Bulgaria has set helping the Western Balkan countries get closer to membership in the European Union as its priority during its upcoming presidency of the bloc, while it simultaneously attempts to position itself closer to the core of the union. Specifically, the country’s top politicians plan to indirectly lobby to enter the eurozone’s waiting room, the European Exchange Rate Mechanism (ERM2), and to join the Schengen area.
Bulgaria has set four priorities during its presidency that starts on January 1, 2018: young people, the Western Balkan countries’ EU perspective, security and stability in a united Europe and the digital economy. These priorities have been coordinated with EU’s current chair, Estonia, and with Austria, which will take over in the second half of 2018.
Although these priorities were not drawn up by Bulgaria and the country will only be able to perform activities agreed with the other EU member states, local analysts believe that politicians in Sofia will try to benefit from any positive outcome during the country’s presidency.
“As we are part of a bigger team, our steps towards the Western Balkans could lead to results that our country can use to demonstrate leadership qualities and prestige,” Petar Cholakov, chief assistant at the Social Control, Deviation and Conflicts department at the Sofia-based Institute for the Study of Societies and Knowledge, told bne IntelliNews.
The Western Balkans seem to be the top priority for Bulgaria, as the country has stated that it will try to help all six countries to speed up the accession process via more funding for infrastructure, energy and other projects.
Bringing countries from the region into the EU will mean Bulgaria, which was one of the later entrants from the former Eastern bloc having joined in 2007, is no longer a peripheral country on the EU’s southeast frontier. In addition, if and when the Western Balkans join — which is still a far off prospect for most of the region — Bulgaria as one of the existing members that pushed for their accession will gain new allies within the enlarged union.

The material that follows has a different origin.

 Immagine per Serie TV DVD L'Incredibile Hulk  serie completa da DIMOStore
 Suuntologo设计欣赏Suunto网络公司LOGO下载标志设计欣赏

Still, the impetus isn’t only coming from Sofia. After being off the agenda while Brussels dealt with the migrant crisis and other pressing issues, enlargement has once again become a priority for the EU in general as politicians see the bloc will only benefit from political stability in the Balkans.
“Regional players like Russia, Turkey and Islamic State aim to spark conflicts on the Balkans — in this way they would also weaken Europe through the so-called spillover effect. For that reason, the initiative for inclusion of Western Balkans has been identified as priority not only by Bulgaria, but also by Germany — a country-leader and a motor of the alliance. Austria, which will take over the presidency after [Bulgaria], also considers the topic strategically important,” Cholakov said.
However, the six Western Balkan countries are at very different stages in the process of EU integration, with Serbia and Montenegro having the best chance to join sooner.
Albania needs to speed up its ongoing judicial reforms, while Macedonia has to resolve a long-running dispute with Greece over its name, which it shares with a northern Greek province, though there are signs a breakthrough could be imminent. Bosnia & Herzegovina and Kosovo are far from getting candidate status as the two countries still need to implement key reforms, and Kosovo is not recognised by five EU members.
In terms of its other priorities, when it comes to the EU’s stability, Bulgaria is hardly in a position to persuade the bloc that it can be a leader, considering its own problems with the lack of security on its border with Turkey.
In recent weeks, local journalist Elene Yoncheva of the opposition Bulgarian Socialist Party has made a series of videos showing big holes below the fence that is supposed to prevent illegal migration between Bulgaria and Turkey, as well as groups of migrants freely crossing the border. The government denied that the problem exists, but also said that will strengthen the border’s security.
“Adding to [the problems with the border with Turkey], the problems with the judiciary… and the level of corruption in the public sector (the highest in EU), we shall hardly persuade the other member-states that we can be a leader in this area,” Cholakov said.
In addition, in its latest Co-operation and Verification Mechanism (CVM) report issued in November, the European Commission once again criticised Bulgaria on the lack of progress in judicial reform and the fight against corruption. The country has failed to make significant progress in the past 10 years.
This will be the first time a country under the EU’s monitoring process will take over the chair of the union, although Bulgaria will be followed by Romania, which is also subject to the CVM monitoring, in the first half of 2019.
Despite the lack of serious influence Sofia is seen as having within the EU, political analysts expect the Bulgarian government led by Boyko Borissov will most likely attempt to indirectly lobby for the country’s inclusion in ERM2, and will use any positive outcome during the presidency for its own future benefit.
“Some politicians and ‘public figures’ describe the EU chairmanship as little children imagine their birthday, i.e. that all other children in their class, even the teachers, will have to give them gifts, that they should get the biggest piece of cake after blowing candles accompanied by loud applauses and singing ‘Happy birthday’. There is no such thing,” Cholakov said.
He added that the EU presidency cannot solve the main problems for Bulgaria to allow it to make progress on topics such as Schengen and membership in the eurozone; the role is mainly organisational rather than political.